Wenn solche Parteikundgebungen die Norm sind, dann hat Italien in der Tat kein Problem, sich auf den Befund "Klima des Hasses" zu einigen. Ein wenig schwieriger wird aber die Frage: Wer trägt denn nun die Verantwortung dafür? Berlusconi erhielt Solidaritätsbekundungen aus allen politischen Lagern, der Vorsitzende der Demokratischen Partei, Pierluigi Bersani, eilte gar ans Krankenbett - doch dann ging der Krach gleich wieder los. Den ersten Schritt tat Antonio Di Pietro, Vorsitzender der Partei Italien der Werte, die Berlusconi wegen seiner Probleme mit der Justiz, wegen des Verdachts, er sei gar mit der Mafia im Bunde gewesen, besonders heftig angeht. Di Pietro distanzierte sich zwar auch brav vom Zuschlagen, legte dann aber nach: "Berlusconi ist derjenige, der das Klima des Hasses anheizt."

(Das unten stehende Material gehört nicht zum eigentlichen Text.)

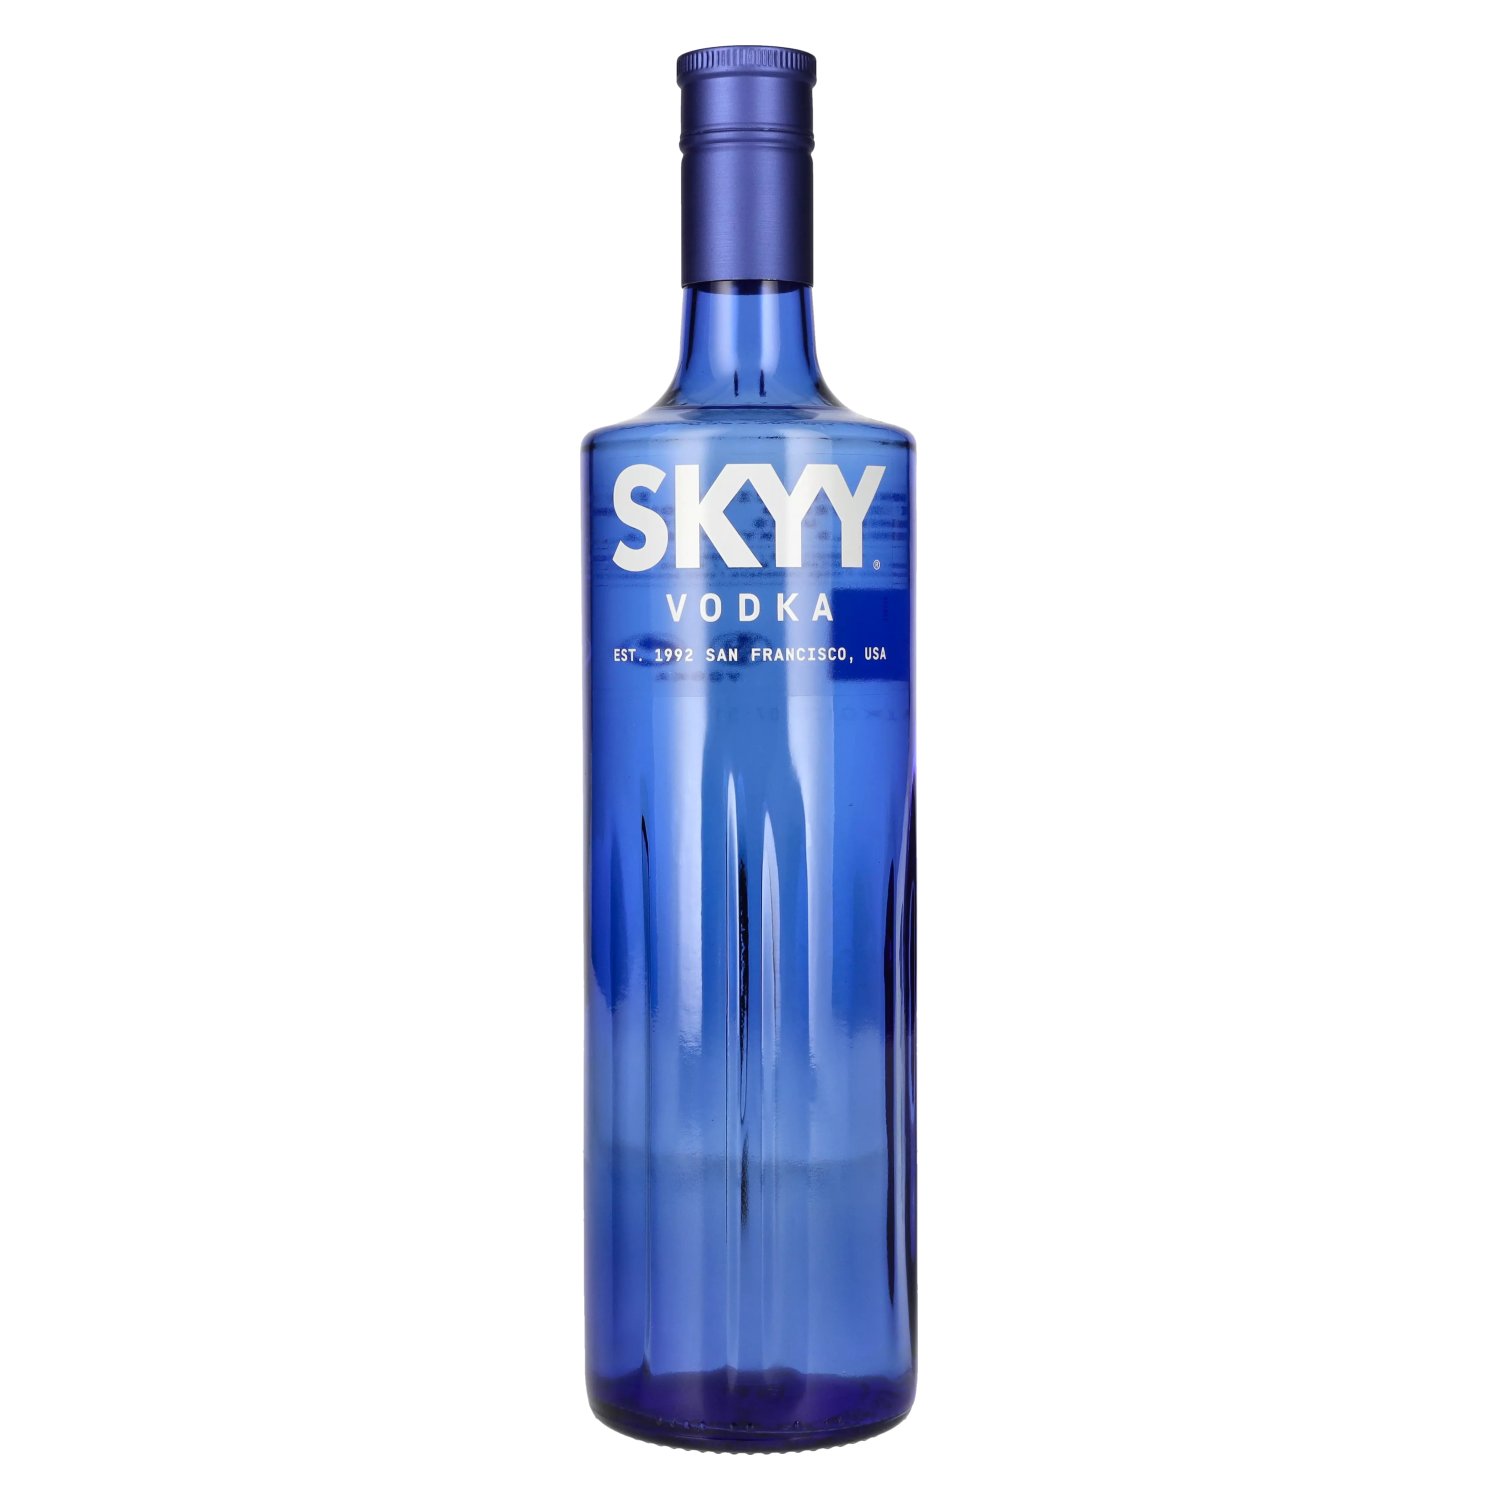 Skyy - delicando 1l 40% Vol. Vodka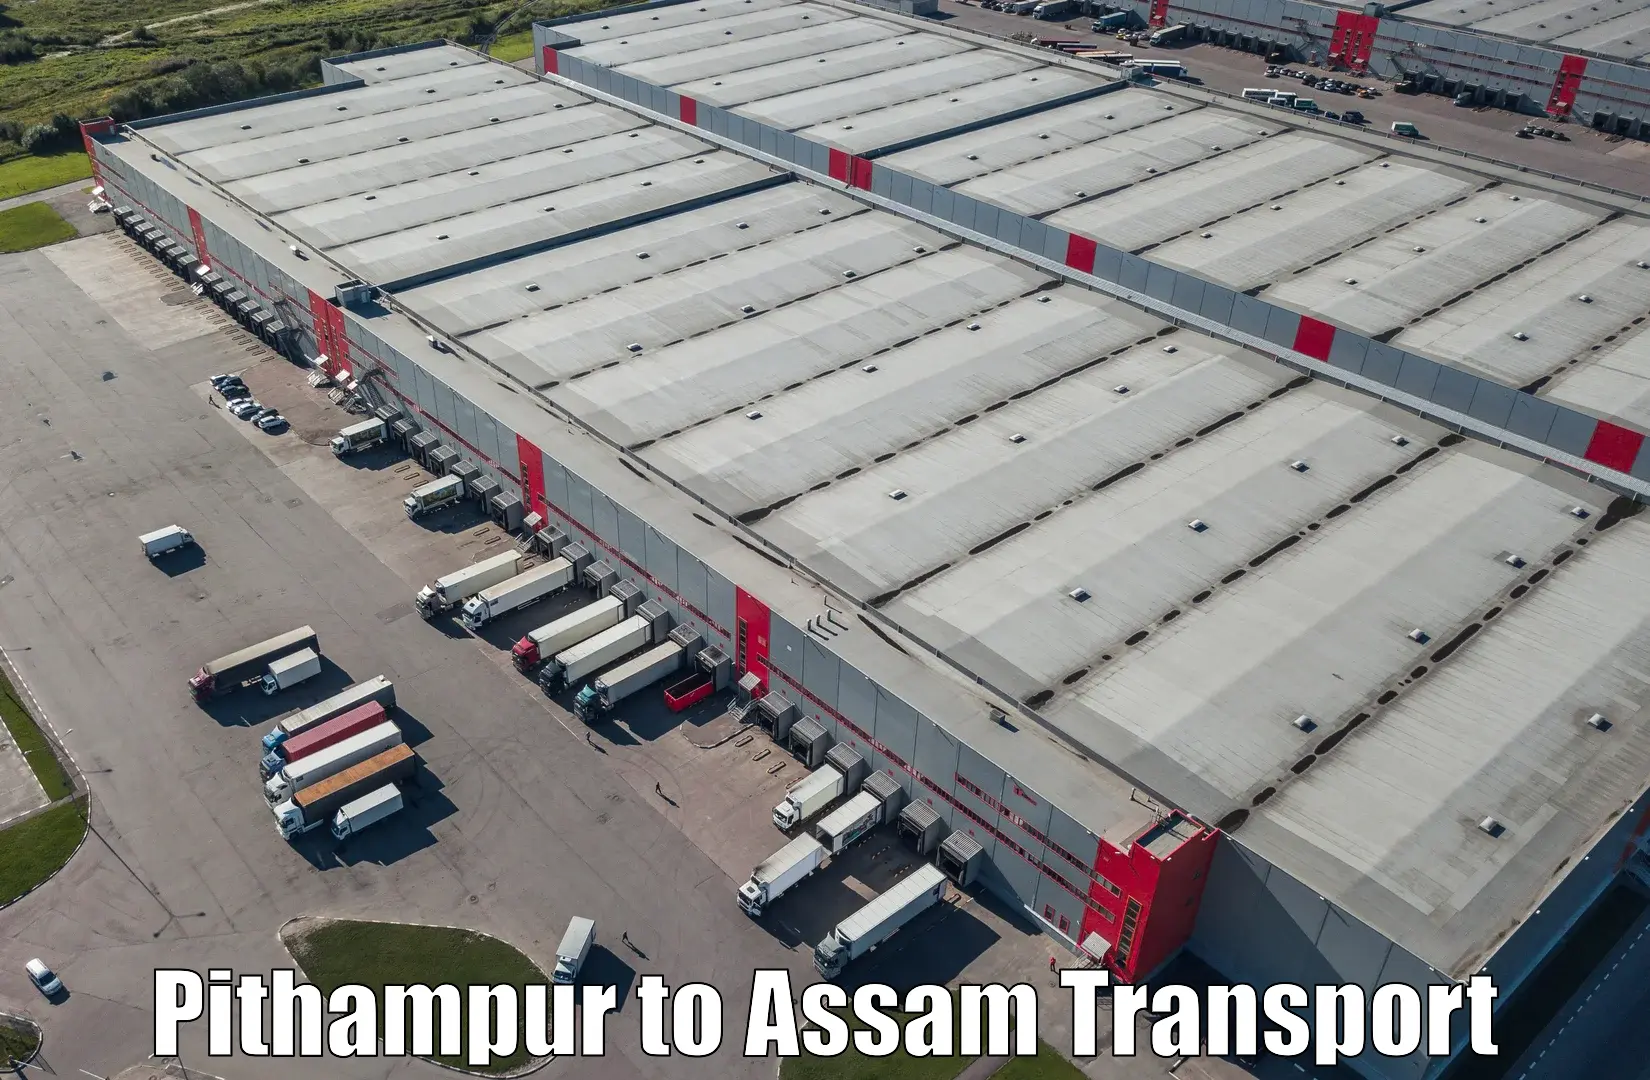 Furniture transport service Pithampur to Dhemaji

Das brachte Di Pietro sofort eine Strafanzeige ein, von Berlusconi-Staatssekretär Guido Crosetto. Der meint seinerseits, mit dieser letzten Äußerung ebenso mit seinen vorherigen Ausfällen gegen Berlusconi habe Di Pietro "eine kriminelle Vereinigung gebildet" und sei gleichsam der Mann, der den Attentäter ferngesteuert habe. Gelassener wird die Stimmung zwischen den Lagern also auch nach der Attacke auf Berlusconi nicht, ein vorweihnachtlicher Verbalwaffenstillstand zeichnet sich jedenfalls nicht ab.
Auf Facebook hat die Unterstützergruppe für Tartaglia gleich Tausende Anhänger gefunden. Genauso viele aber wünschen den etwas verwirrten Mann zur Hölle. Dabei sollte sich gerade das Berlusconi-Lager über ihn freuen: Als Beinahe-Märtyrer dürfte der Ministerpräsident trotz aller Skandale in den Umfragen kräftig anziehen.